The main finding of the present study is that among patients with STEMI undergoing mechanical reperfusion, impaired myocardial perfusion and larger infarct size explain the higher mortality rate observed in patients with a more prolonged delay until treatment.

Time-to-treatment, myocardial perfusion, and mortality after primary angioplasty for STEMI

Although several studies have shown the relevant impact of time-to-treatment on myocardial perfusion,12 myocardial salvage,13 and mortality1–3 in patients with STEMI treated by thrombolysis, the prognostic value of ischaemic time in patients with STEMI treated by primary angioplasty is still a matter of debate.3–7 Brodie et al.4 observed a better outcome among patients undergoing primary angioplasty within 2 h of symptom onset, whereas a relatively stable mortality rate was observed in those intervened from 2 to 12 h. These findings were confirmed by Cannon et al.6 who, in a cohort of 27,080 patients undergoing primary angioplasty, found that only door-to-balloon time, but not time-to-treatment, was associated with mortality. Similar findings were reported by Zijlstra et al.3 in a pooled analysis of several randomised trials comparing primary angioplasty and thrombolysis. They found a direct relationship between time-to-treatment and mortality only in patients treated by thrombolysis, but not by primary angioplasty. Confirming these observations, Schomig et al.13 found a significant relationship between time-to-treatment and myocardial salvage only in patients treated by thrombolysis but not in those treated by primary angioplasty.

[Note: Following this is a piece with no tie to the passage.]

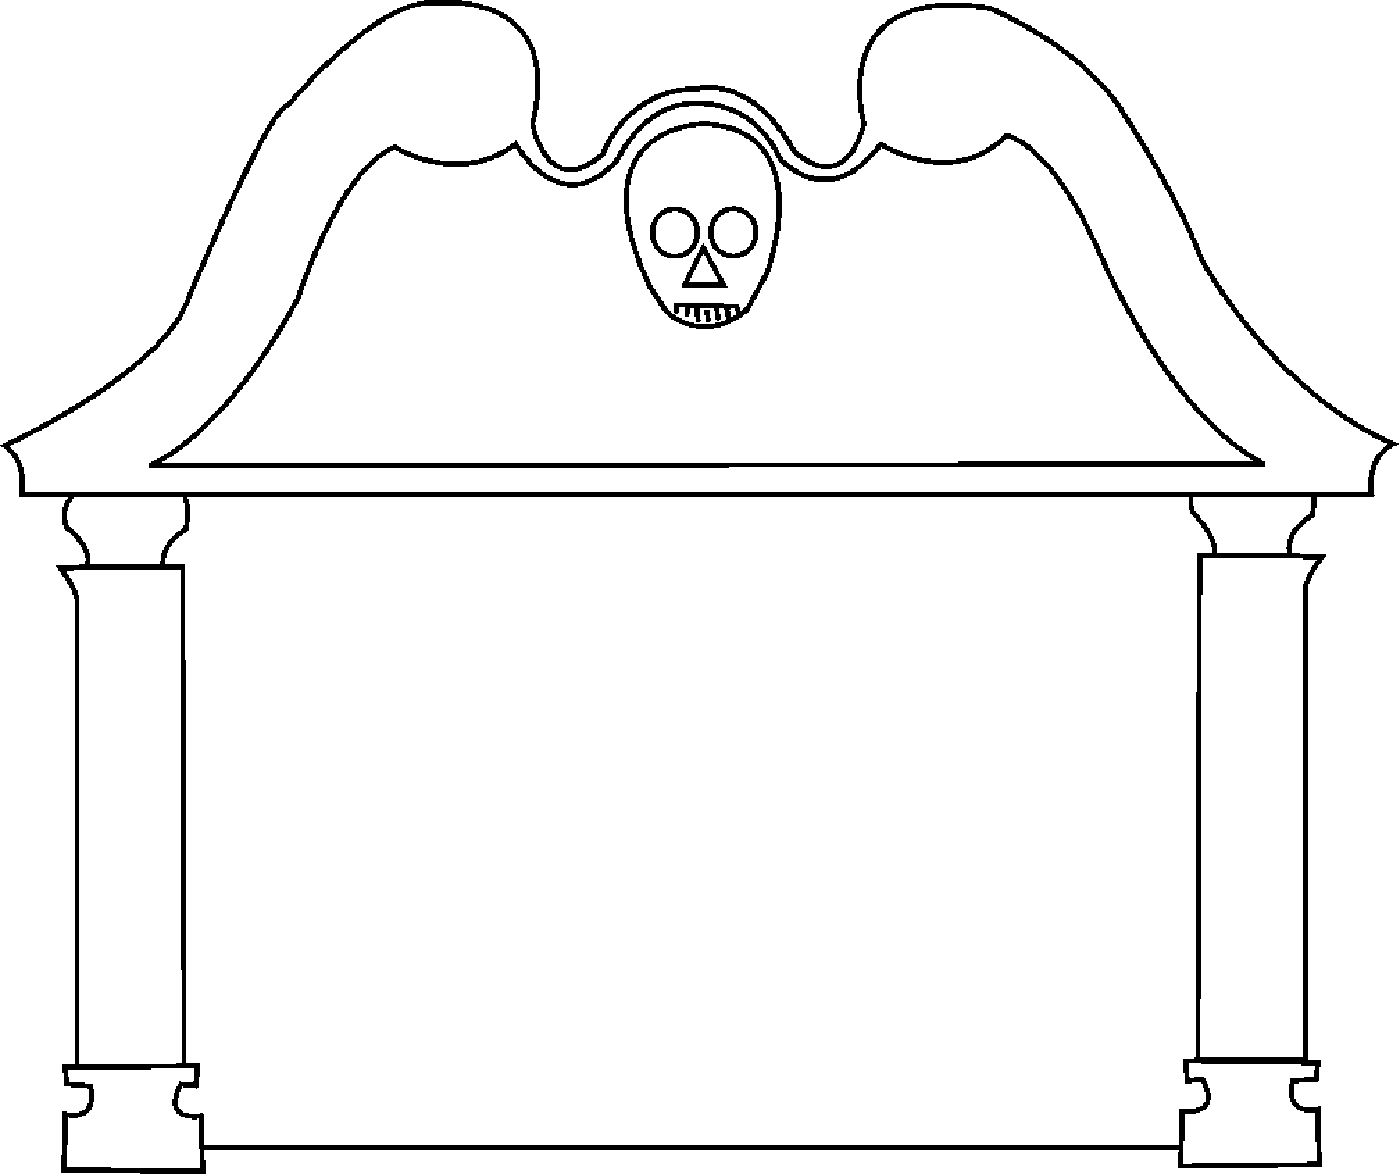 33 Blank Tombstone Template   Free Cliparts That You Can Download To

In our previous report,8 we found time-to-treatment to be an independent predictor of mortality in patients with STEMI treated with angioplasty, particularly in those at high risk. These findings have been confirmed by Antoniucci et al.7 in a population of 1332 patients undergoing primary angioplasty. Supporting the prognostic role of early restoration of antegrade flow in patients undergoing primary angioplasty, Stone and colleagues14 found preprocedural TIMI 3 flow to be an independent predictor of mortality. In the current study, we found impaired myocardial perfusion and larger infarct size to be potential explanations for the higher mortality observed in patients with a prolonged delay before first balloon inflation. In fact, as demonstrated in animal models,15–17 the duration of coronary occlusion is a main determinant of infarct size. Therefore, late reperfusion is expected to result in poor perfusion, less myocardial salvage and, thus, a higher mortality rate, in comparison with early reperfusion, even after optimal mechanical reperfusion. These results were also confirmed in the analysis restricted to patients with postprocedural TIMI 3 flow.

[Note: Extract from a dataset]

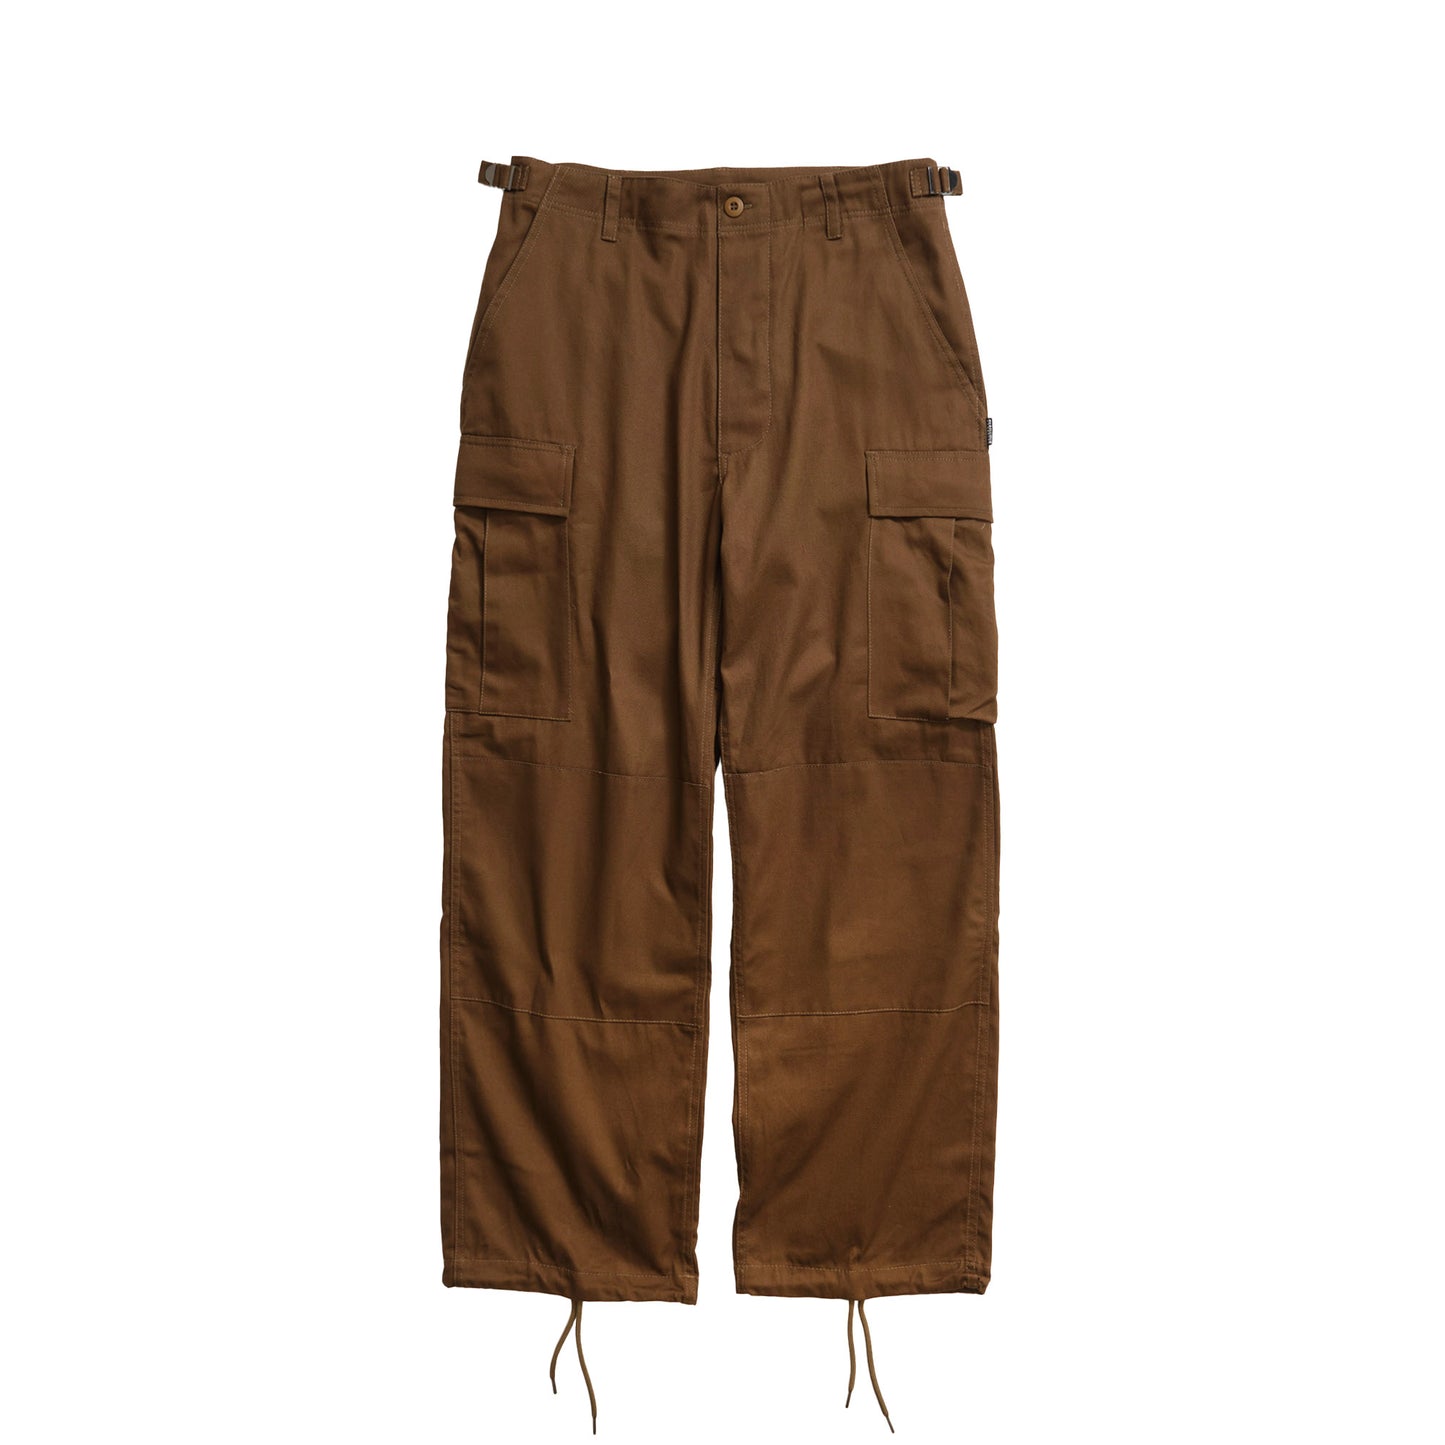 RBLS MILITARY CARGO PANTS

Several factors may explain the time-dependent mechanism of impaired myocardial perfusion despite optimal epicardial flow. Experimental studies have shown that long balloon inflations may induce morphological alterations (swelling of endothelial and cardiac cells with occlusion or compression of microcirculation) in the cardiac capillaries and arterioles.12 Furthermore, recent studies have focused on the role of microembolisation of atherosclerotic debris, blood clots, and platelet plugs in the microcirculation.15,16 A delay in reperfusion may be associated with an older, organised intracoronary thrombus in comparison with early reperfusion. This may result in a higher incidence of distal microembolisation and poor myocardial perfusion10,18 despite optimal epicardial flow.

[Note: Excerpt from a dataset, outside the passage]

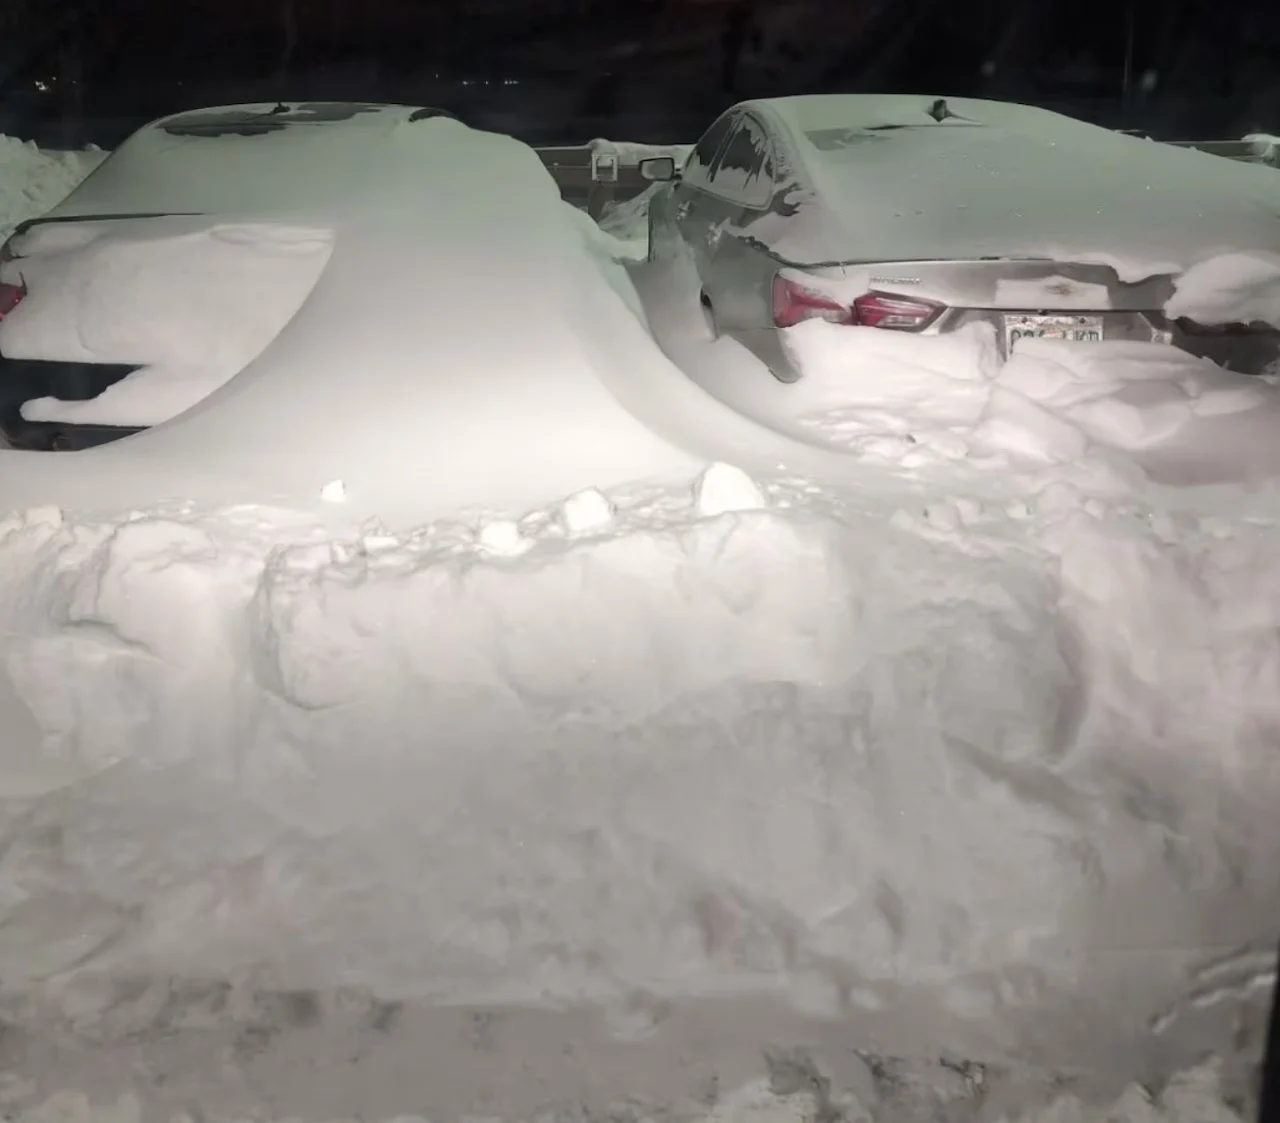 Snow covers vehicles in a parking lot in Saskatoon. Submitted by Benjamin Semynov via CBC

Further studies should investigate the additional role of pharmacological therapy19–22 and mechanical devices23 in patients with longer time delay to treatment in order to improve myocardial perfusion and reduce ischaemic reperfusion damage and infarct size, beyond epicardial reperfusion.

Limitations

A major limitation of the current study is that up to 30% of the total population was excluded due to missing or inadequate baseline and/or 3-h ECGs. Myocardial perfusion was evaluated using myocardial blush and ST-segment resolution. Despite the absence of uniformity between trials of the methods used,11,22,24–26 they are still cheap, simple, and validated methods for evaluating myocardial reperfusion. In contrast to our previous report,11 ST-segment resolution was analysed at 3 h, as has been our policy since 1997. In fact, analysis at 3 h would improve the sensitivity of identification of patients with complete resolution. Because the aim of the study was not prognostic risk stratification using different degrees of ST-segment resolution, we used an ST-segment resolution cutoff of 50% as a surrogate for effective reperfusion.22 However, myocardial reperfusion is a dynamic process during which alternating episodes of ST-segment resolution may occur.27 Thus, continuous ST-segment monitoring would have improved the evaluation of myocardial reperfusion.27,28 Consistent with our first report on myocardial blush grade,9 we defined optimal myocardial perfusion as myocardial blush grade 2 to 3.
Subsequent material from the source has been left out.